I don’t subscribe to a daily newspaper, and, while the New York Times is on my feedreader, it’s in the section marked “news,” currently at 1000+ unread. I’ll go in and “mark all read” pretty soon to reset the counter to zero, but the chance that I’ll actually work through more than a few stories is pretty slim. I do get a Sunday paper — again, the Times, despite living five states and 300+ miles away from New York, as it’s the paper of my youth (and of the best Sunday crossword puzzle). I listen to NPR. But I often find the news so overwhelming that I simply ignore it. I wish I didn’t — I wish I were better informed, more active, more involved — but my efforts at keeping on top of things so often collapse into impotence, rage, and worry that I give up easily.
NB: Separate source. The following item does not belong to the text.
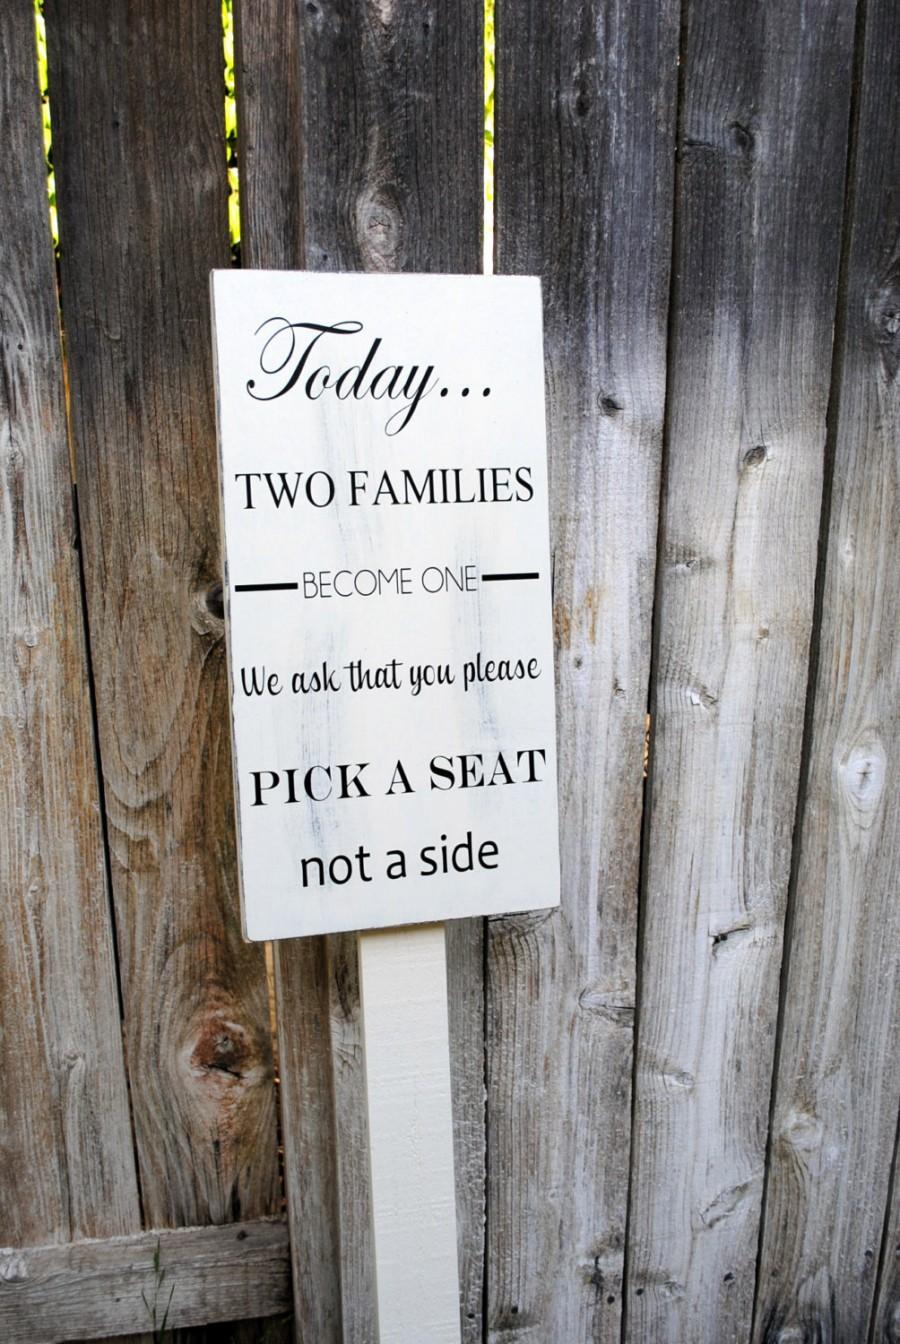 Hochzeit - 10"x18 shabby chic Today, two families become one, pick a seat not a side wood sign, seating sign ON STAKE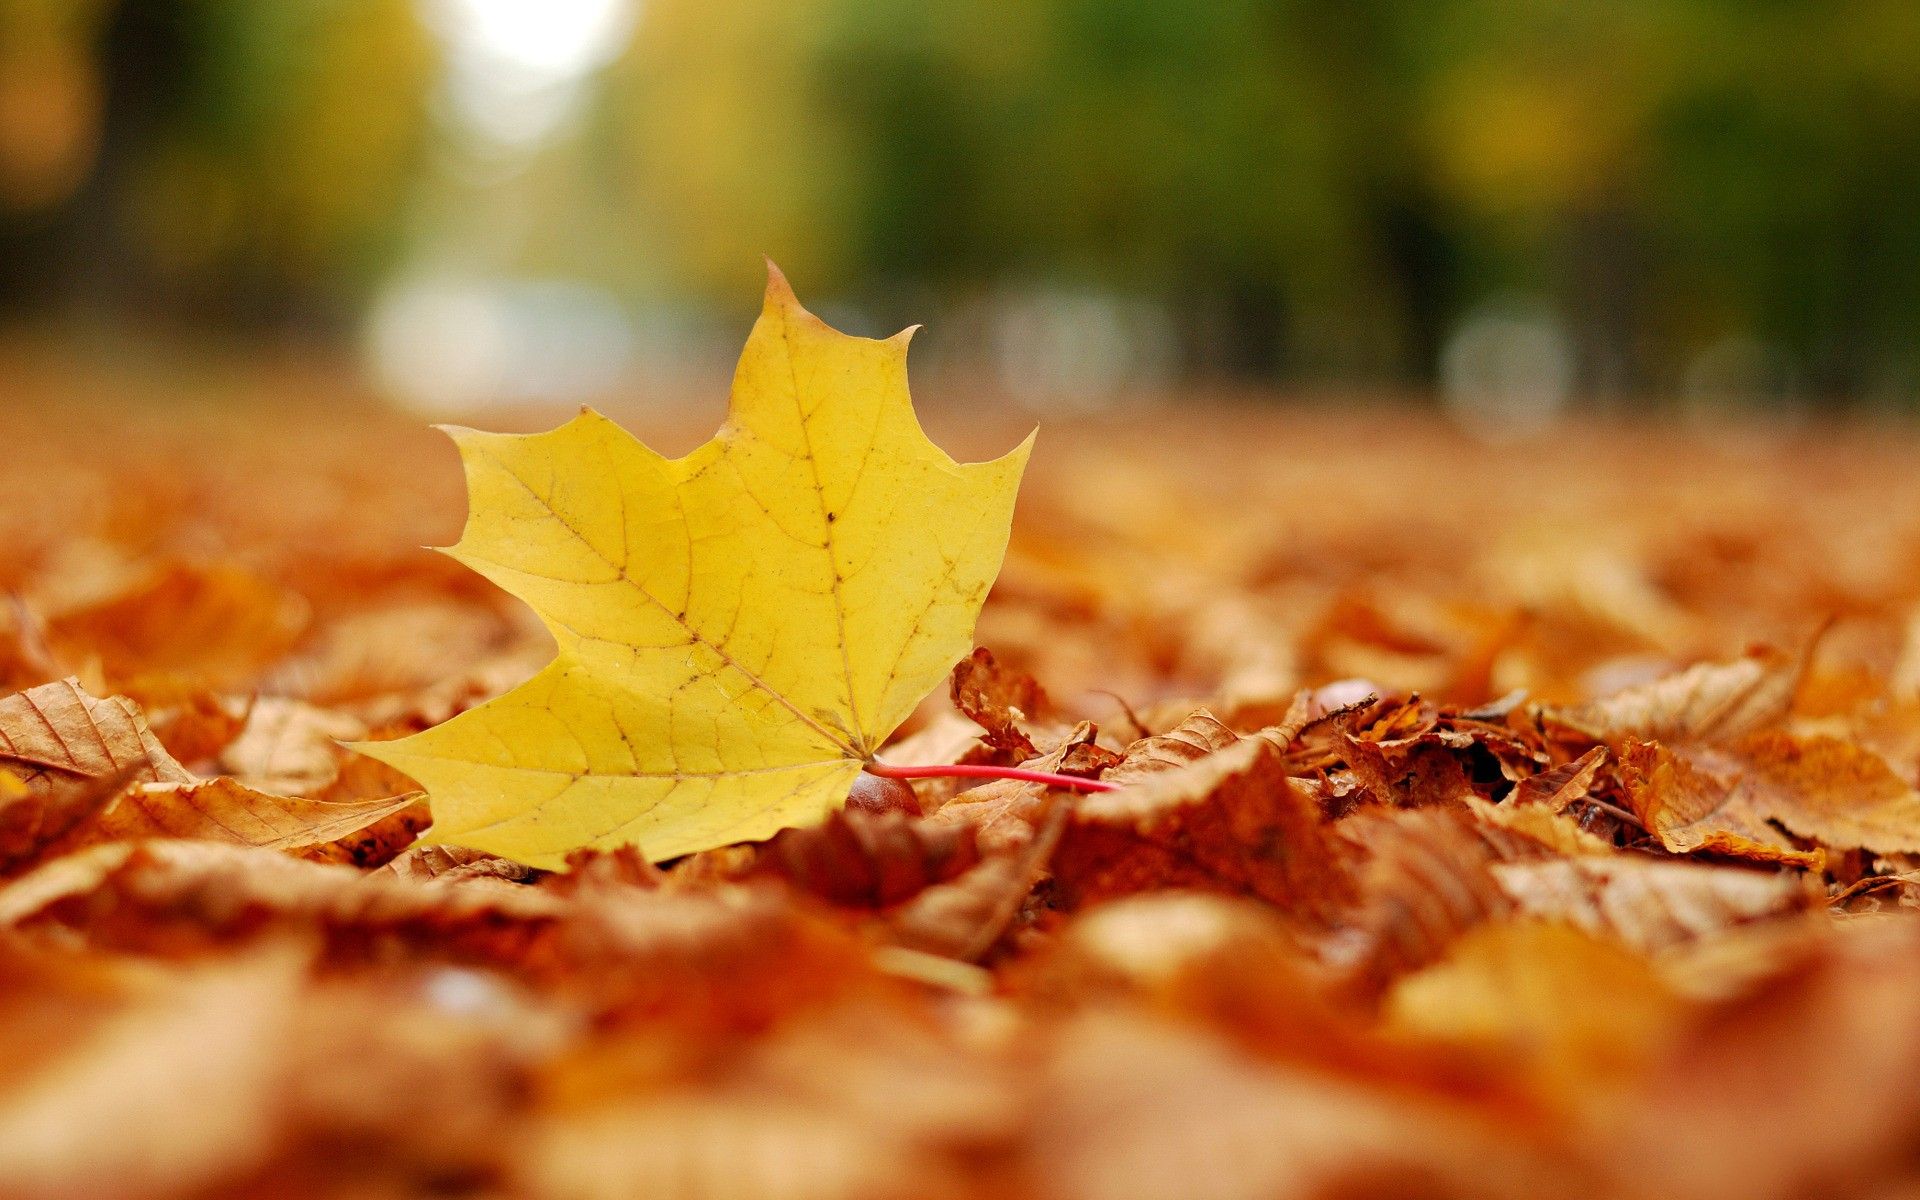 awesome Fallen Leaves Image For Free | AmazingPict.com - Wallpapers ...

The parents of children lost to addiction and violence can’t ignore the news, though, nor can the residents of the Gulf Coast. And in some way we will all be residents of the Gulf Coast soon enough, I imagine — whether toxic plumes actually reach our own shores, or we can no longer safely buy and eat seafood, or we have to give up our beach vacations — or driving — it seems clear to me now that we are all affected by this spill and have to face up to our own addictions. And, no, I’m not saying an addiction to oil is like an addiction to street drugs—or am I? Both, after all, put us at risk. Both are bad for our health. Both are “someone else’s problem”—until they aren’t. I have no desire to obscure the specificity of a parent’s loss by comparing it to a national disaster, but the fact that both news stories are about risk-taking behavior gone horribly, horribly wrong makes me wonder if we can learn something by juxtaposing them. Can our sorrow — at the loss of marine habitat, or at the waste of a child’s life — teach us anything at all?

After a death, a community mobilizes — there are memorials, stories told and memories shared. Some will seek justice, others compassion, others closure. On the edges of these stories, I seek answers: what happened, and how can we keep it from happening again? What is my part in this story? What can I do?

A child’s death simply leaves me speechless, nearly numb. But I have small answers — as many others do as well—for what to do about the oil spill: walk or carpool, take public transportation, eat local food, recycle. I do what I can — not enough, but some. It’s a start. But the questions remain.